TASK REQUIREMENTS = Look at the entries below and restate word for word the lines from the first through the one that has "23s的优异成绩破赛会纪录获得《超新星全运会》男子50米游泳亚军并在".

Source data
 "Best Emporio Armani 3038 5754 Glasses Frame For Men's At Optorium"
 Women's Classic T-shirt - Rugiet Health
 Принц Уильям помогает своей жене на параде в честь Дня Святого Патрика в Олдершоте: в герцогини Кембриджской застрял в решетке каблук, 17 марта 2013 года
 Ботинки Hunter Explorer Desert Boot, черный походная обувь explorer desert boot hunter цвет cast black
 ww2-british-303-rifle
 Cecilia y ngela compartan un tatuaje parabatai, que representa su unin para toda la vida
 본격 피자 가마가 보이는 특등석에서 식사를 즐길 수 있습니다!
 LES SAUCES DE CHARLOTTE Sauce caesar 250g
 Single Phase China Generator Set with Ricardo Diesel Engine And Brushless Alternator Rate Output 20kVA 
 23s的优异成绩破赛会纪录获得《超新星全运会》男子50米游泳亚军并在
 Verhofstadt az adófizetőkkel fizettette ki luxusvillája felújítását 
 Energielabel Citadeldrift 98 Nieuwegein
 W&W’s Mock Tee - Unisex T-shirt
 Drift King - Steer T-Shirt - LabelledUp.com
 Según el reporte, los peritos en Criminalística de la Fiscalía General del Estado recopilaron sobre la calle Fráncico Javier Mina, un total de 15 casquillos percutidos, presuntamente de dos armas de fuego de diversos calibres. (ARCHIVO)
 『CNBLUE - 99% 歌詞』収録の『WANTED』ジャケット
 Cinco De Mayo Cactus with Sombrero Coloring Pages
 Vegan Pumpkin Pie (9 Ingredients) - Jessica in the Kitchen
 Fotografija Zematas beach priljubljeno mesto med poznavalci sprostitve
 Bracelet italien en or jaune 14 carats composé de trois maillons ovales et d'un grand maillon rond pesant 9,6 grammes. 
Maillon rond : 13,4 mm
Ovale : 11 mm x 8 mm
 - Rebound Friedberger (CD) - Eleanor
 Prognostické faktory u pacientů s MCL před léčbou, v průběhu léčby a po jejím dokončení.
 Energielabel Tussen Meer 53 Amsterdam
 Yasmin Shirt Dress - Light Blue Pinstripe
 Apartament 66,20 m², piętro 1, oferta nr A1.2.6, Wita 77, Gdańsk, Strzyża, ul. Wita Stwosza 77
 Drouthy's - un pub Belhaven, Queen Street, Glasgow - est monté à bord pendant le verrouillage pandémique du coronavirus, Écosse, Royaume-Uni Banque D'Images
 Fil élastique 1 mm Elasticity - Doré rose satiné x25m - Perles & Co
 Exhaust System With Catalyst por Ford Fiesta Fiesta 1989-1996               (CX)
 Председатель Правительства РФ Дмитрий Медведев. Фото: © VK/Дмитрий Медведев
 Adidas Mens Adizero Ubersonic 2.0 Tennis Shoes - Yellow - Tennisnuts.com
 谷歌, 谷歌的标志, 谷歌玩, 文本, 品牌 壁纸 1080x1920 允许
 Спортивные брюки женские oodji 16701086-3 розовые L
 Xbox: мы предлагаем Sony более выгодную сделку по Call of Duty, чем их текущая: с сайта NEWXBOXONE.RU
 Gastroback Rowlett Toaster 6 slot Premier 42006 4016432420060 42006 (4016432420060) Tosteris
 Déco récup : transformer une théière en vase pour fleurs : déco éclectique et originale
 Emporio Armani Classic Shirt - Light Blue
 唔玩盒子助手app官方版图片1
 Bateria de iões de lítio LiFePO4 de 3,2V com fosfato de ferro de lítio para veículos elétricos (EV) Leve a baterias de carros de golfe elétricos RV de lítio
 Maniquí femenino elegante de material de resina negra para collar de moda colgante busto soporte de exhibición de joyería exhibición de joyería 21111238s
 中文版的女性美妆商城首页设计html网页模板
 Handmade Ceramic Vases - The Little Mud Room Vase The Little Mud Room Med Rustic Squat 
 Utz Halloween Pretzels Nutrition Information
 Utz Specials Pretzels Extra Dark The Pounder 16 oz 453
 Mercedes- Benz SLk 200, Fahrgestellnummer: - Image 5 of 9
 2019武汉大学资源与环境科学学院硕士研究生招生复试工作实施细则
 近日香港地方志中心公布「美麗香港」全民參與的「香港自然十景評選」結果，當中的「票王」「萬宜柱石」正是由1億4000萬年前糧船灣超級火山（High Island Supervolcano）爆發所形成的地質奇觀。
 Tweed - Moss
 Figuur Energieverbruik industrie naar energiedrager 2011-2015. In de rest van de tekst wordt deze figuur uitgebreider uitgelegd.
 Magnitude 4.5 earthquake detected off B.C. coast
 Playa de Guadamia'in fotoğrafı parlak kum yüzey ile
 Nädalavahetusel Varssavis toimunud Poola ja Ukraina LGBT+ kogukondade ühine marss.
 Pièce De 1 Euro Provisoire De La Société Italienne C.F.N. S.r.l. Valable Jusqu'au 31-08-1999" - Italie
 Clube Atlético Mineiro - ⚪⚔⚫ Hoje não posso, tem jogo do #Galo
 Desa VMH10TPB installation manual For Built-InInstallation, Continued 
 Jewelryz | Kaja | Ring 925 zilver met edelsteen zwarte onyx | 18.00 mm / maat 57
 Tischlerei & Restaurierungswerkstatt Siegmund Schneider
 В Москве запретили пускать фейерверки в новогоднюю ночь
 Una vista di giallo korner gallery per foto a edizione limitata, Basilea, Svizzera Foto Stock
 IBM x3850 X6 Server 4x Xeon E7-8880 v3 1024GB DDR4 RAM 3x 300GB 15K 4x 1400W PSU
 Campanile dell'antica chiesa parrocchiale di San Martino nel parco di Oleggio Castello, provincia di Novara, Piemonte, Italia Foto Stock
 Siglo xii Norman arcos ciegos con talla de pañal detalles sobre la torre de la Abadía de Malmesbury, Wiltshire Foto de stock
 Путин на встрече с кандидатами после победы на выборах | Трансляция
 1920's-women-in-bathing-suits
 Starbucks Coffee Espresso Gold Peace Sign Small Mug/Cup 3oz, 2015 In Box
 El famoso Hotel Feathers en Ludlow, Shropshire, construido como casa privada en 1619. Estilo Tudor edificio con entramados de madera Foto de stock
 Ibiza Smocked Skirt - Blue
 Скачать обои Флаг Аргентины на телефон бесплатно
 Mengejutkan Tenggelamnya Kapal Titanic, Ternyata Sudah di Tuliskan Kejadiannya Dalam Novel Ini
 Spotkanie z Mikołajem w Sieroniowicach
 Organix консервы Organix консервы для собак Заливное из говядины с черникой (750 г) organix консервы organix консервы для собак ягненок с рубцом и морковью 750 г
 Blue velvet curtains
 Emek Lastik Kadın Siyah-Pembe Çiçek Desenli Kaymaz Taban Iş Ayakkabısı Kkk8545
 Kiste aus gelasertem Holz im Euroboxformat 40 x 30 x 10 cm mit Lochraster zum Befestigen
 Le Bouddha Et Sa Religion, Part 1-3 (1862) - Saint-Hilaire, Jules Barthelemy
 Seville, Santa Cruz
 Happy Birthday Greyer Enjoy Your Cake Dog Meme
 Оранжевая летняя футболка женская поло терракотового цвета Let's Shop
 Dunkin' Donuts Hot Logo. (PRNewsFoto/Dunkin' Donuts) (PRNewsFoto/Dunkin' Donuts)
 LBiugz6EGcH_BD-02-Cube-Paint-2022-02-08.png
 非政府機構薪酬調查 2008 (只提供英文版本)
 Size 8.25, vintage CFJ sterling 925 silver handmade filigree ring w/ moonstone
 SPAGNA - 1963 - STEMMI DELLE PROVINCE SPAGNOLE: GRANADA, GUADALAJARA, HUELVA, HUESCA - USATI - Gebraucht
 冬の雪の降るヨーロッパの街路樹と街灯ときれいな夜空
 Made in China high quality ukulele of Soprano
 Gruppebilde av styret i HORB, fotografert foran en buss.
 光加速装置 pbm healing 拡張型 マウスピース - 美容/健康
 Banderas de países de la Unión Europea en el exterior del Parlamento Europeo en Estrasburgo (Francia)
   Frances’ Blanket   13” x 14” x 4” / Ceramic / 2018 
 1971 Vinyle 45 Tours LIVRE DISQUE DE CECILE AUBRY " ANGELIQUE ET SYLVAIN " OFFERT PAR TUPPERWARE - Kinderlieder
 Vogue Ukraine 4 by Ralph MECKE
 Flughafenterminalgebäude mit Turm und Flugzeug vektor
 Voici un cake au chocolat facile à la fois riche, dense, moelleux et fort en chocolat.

COMPLETED TASK =
 "Best Emporio Armani 3038 5754 Glasses Frame For Men's At Optorium"
 Women's Classic T-shirt - Rugiet Health
 Принц Уильям помогает своей жене на параде в честь Дня Святого Патрика в Олдершоте: в герцогини Кембриджской застрял в решетке каблук, 17 марта 2013 года
 Ботинки Hunter Explorer Desert Boot, черный походная обувь explorer desert boot hunter цвет cast black
 ww2-british-303-rifle
 Cecilia y ngela compartan un tatuaje parabatai, que representa su unin para toda la vida
 본격 피자 가마가 보이는 특등석에서 식사를 즐길 수 있습니다!
 LES SAUCES DE CHARLOTTE Sauce caesar 250g
 Single Phase China Generator Set with Ricardo Diesel Engine And Brushless Alternator Rate Output 20kVA 
 23s的优异成绩破赛会纪录获得《超新星全运会》男子50米游泳亚军并在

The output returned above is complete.